Hyperonic degrees of freedom in binary neutron star mergers

TL;DR

This study investigates how hyperons affect binary neutron star mergers, revealing impacts on gravitational waves, remnant temperature, mass ejection, and black hole formation thresholds through extensive simulations.

Contribution

It provides the first comprehensive analysis of hyperonic effects on merger dynamics across multiple equations of state using large-scale simulations.

Findings

Hyperons influence the gravitational-wave spectral features.

Remnants with hyperons have lower average temperatures.

Hyperonic models show increased mass ejection and reduced black hole formation threshold.

Abstract

We analyze the influence of hyperons in binary neutron star mergers considering several different equations of state that include hyperons. By running a large set of simulations, we study the impact of the thermally produced hyperons on the gravitational-wave spectral features, the temperature evolution of the remnant, the mass ejecta and the threshold mass for prompt collapse to a black hole.

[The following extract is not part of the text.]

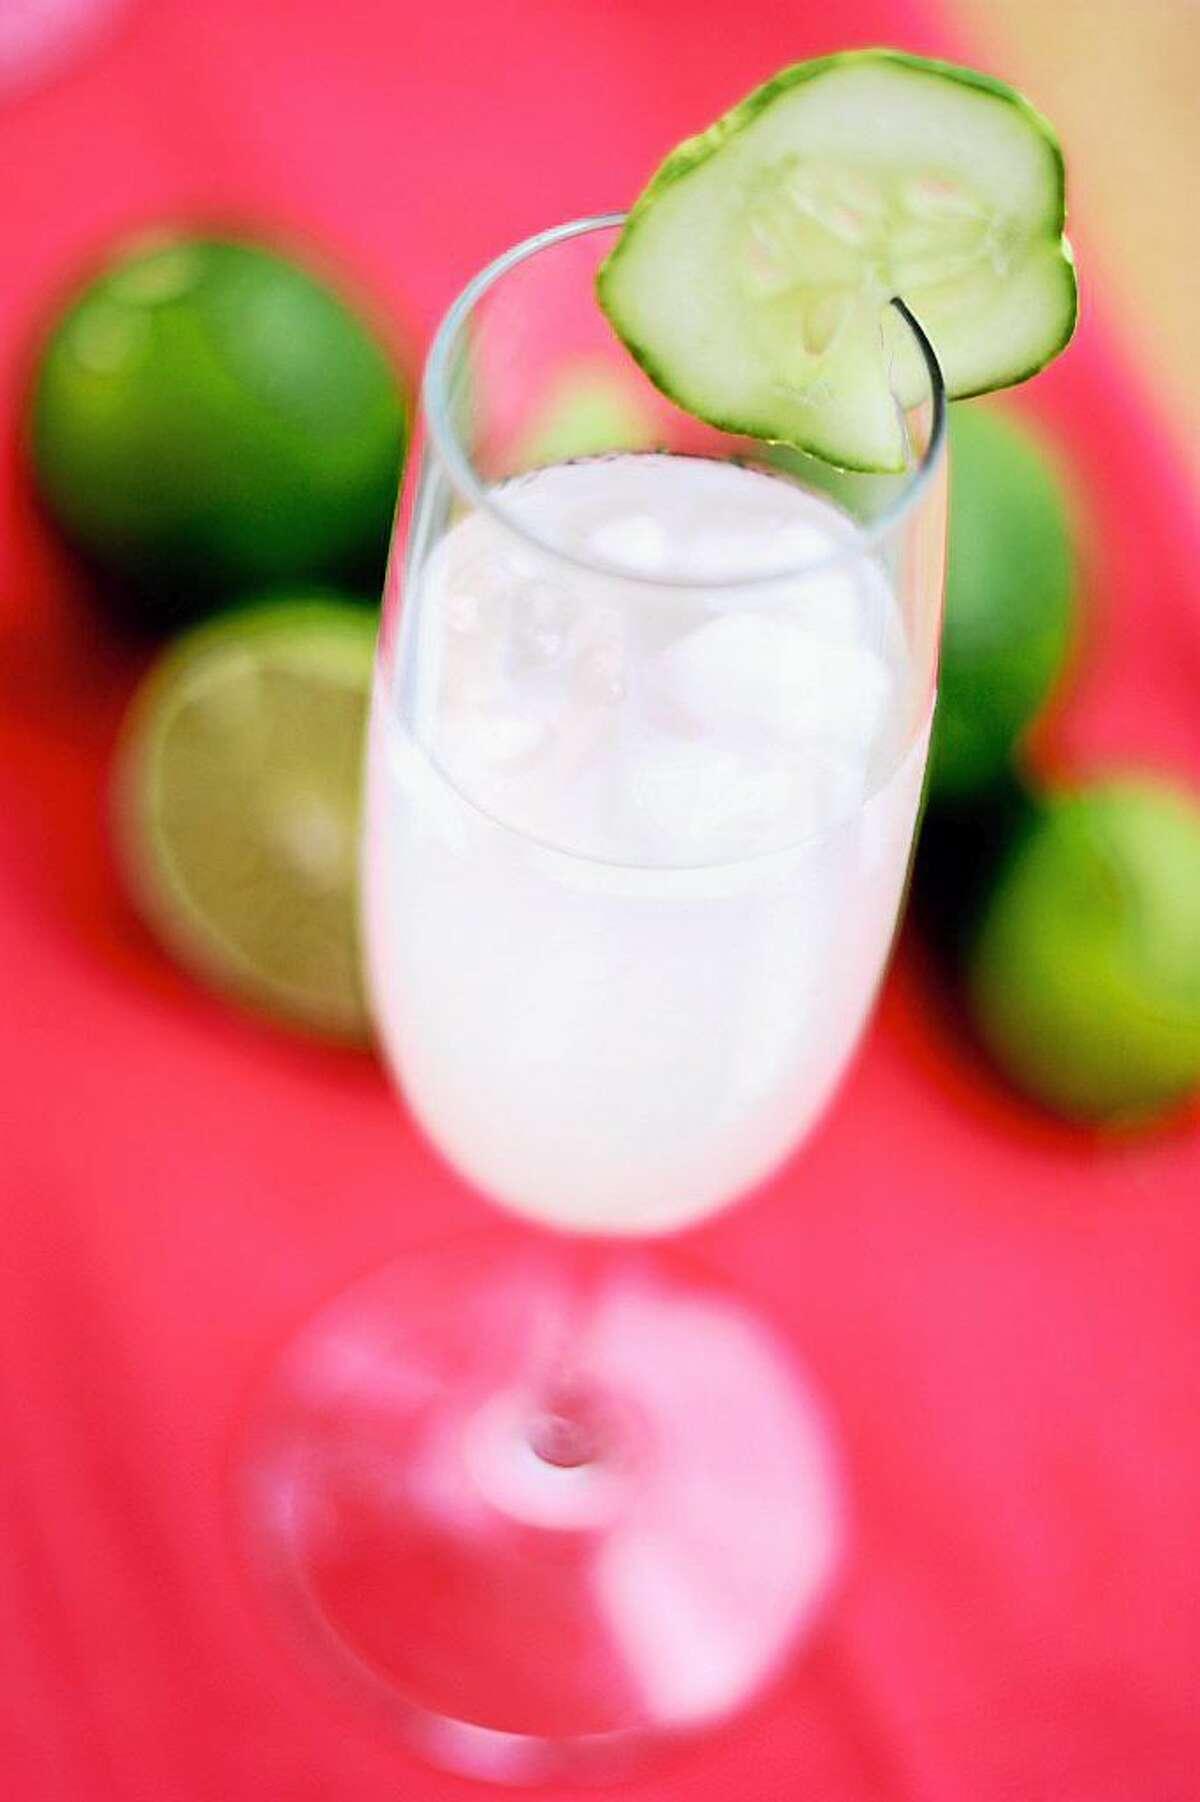 Middletown's vegan eatery I.O.N. Restaurant shares its Lime-Mint Spritzer recipe.
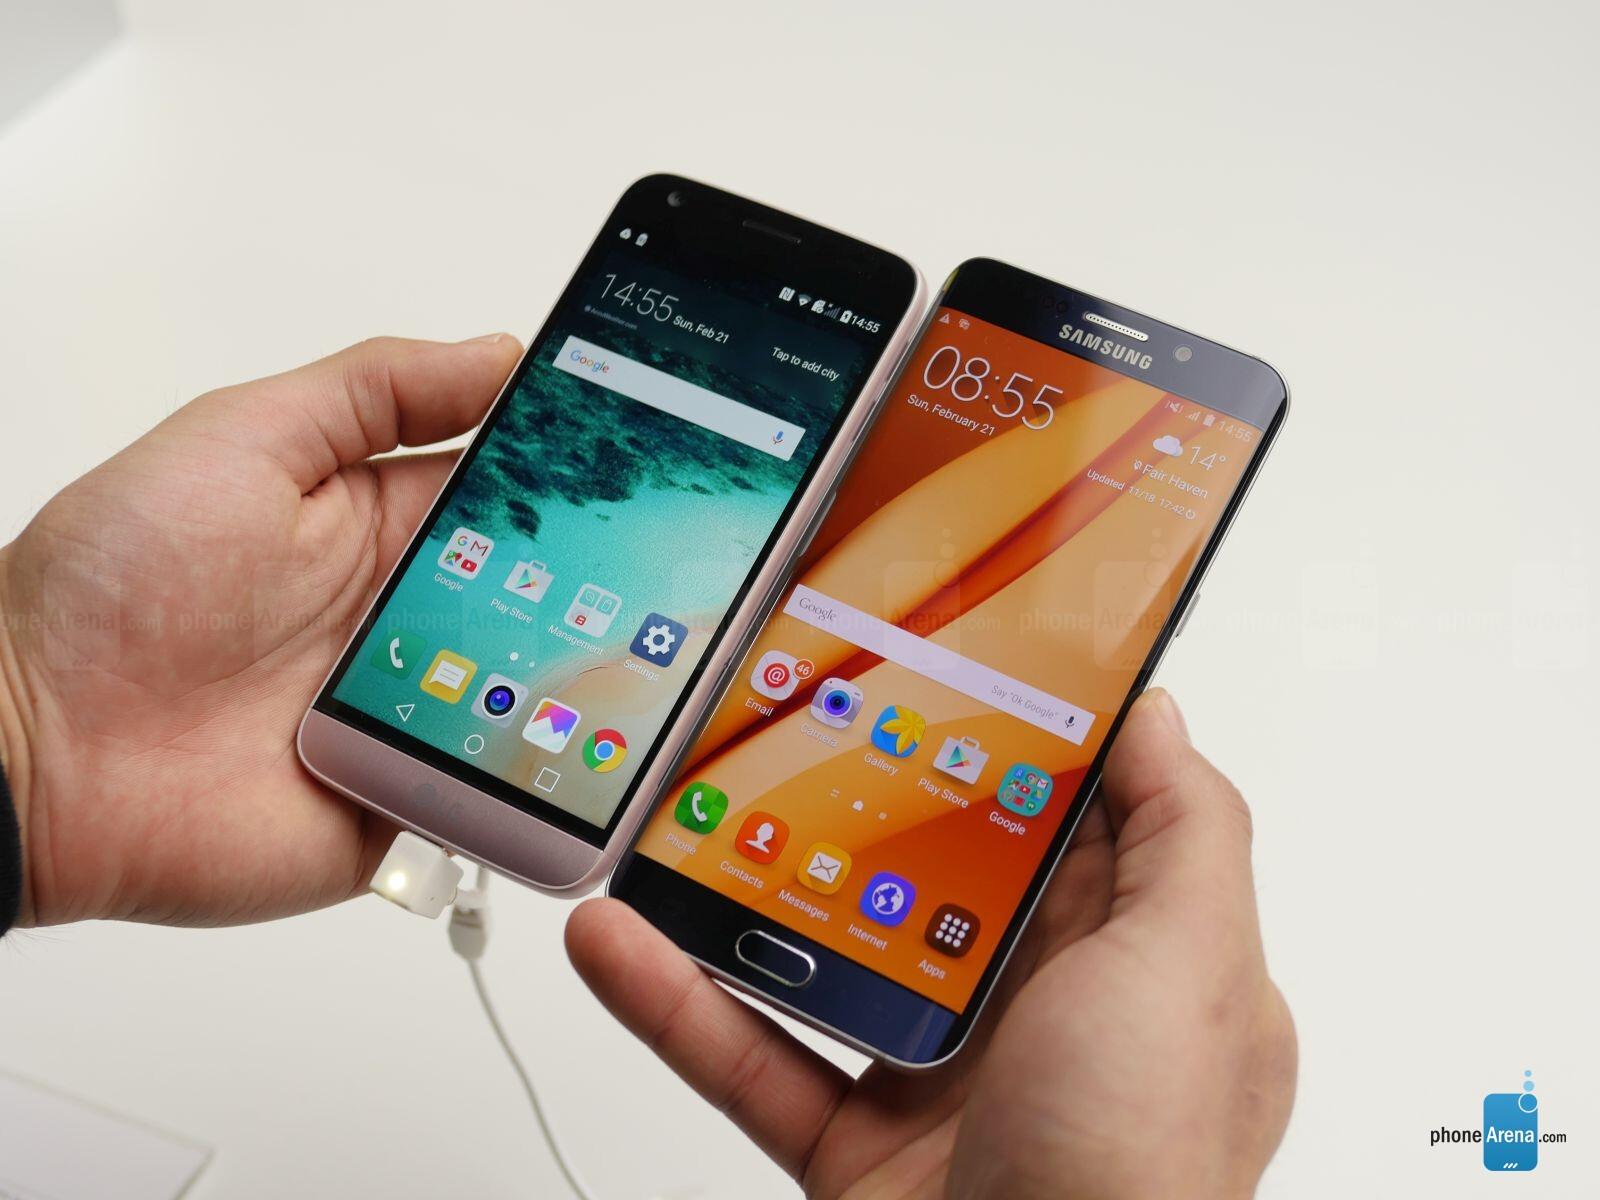 LG G5 vs Samsung Galaxy S6 edge+: first look

Models with hyperons tend to stand out in the relation between the dominant postmerger gravitational-wave frequency and the tidal deformability of massive stars. Moreover, the averaged temperature of the remnant is reduced for hyperonic models. The mass ejection of the mergers is tentatively enhanced when hyperons are present in comparison to nucleonic EoSs leading to similar stellar properties of cold neutron stars, whereas the threshold mass for prompt black-hole formation is reduced by about 0.05~$M_\odot$ compared to the nucleonic models.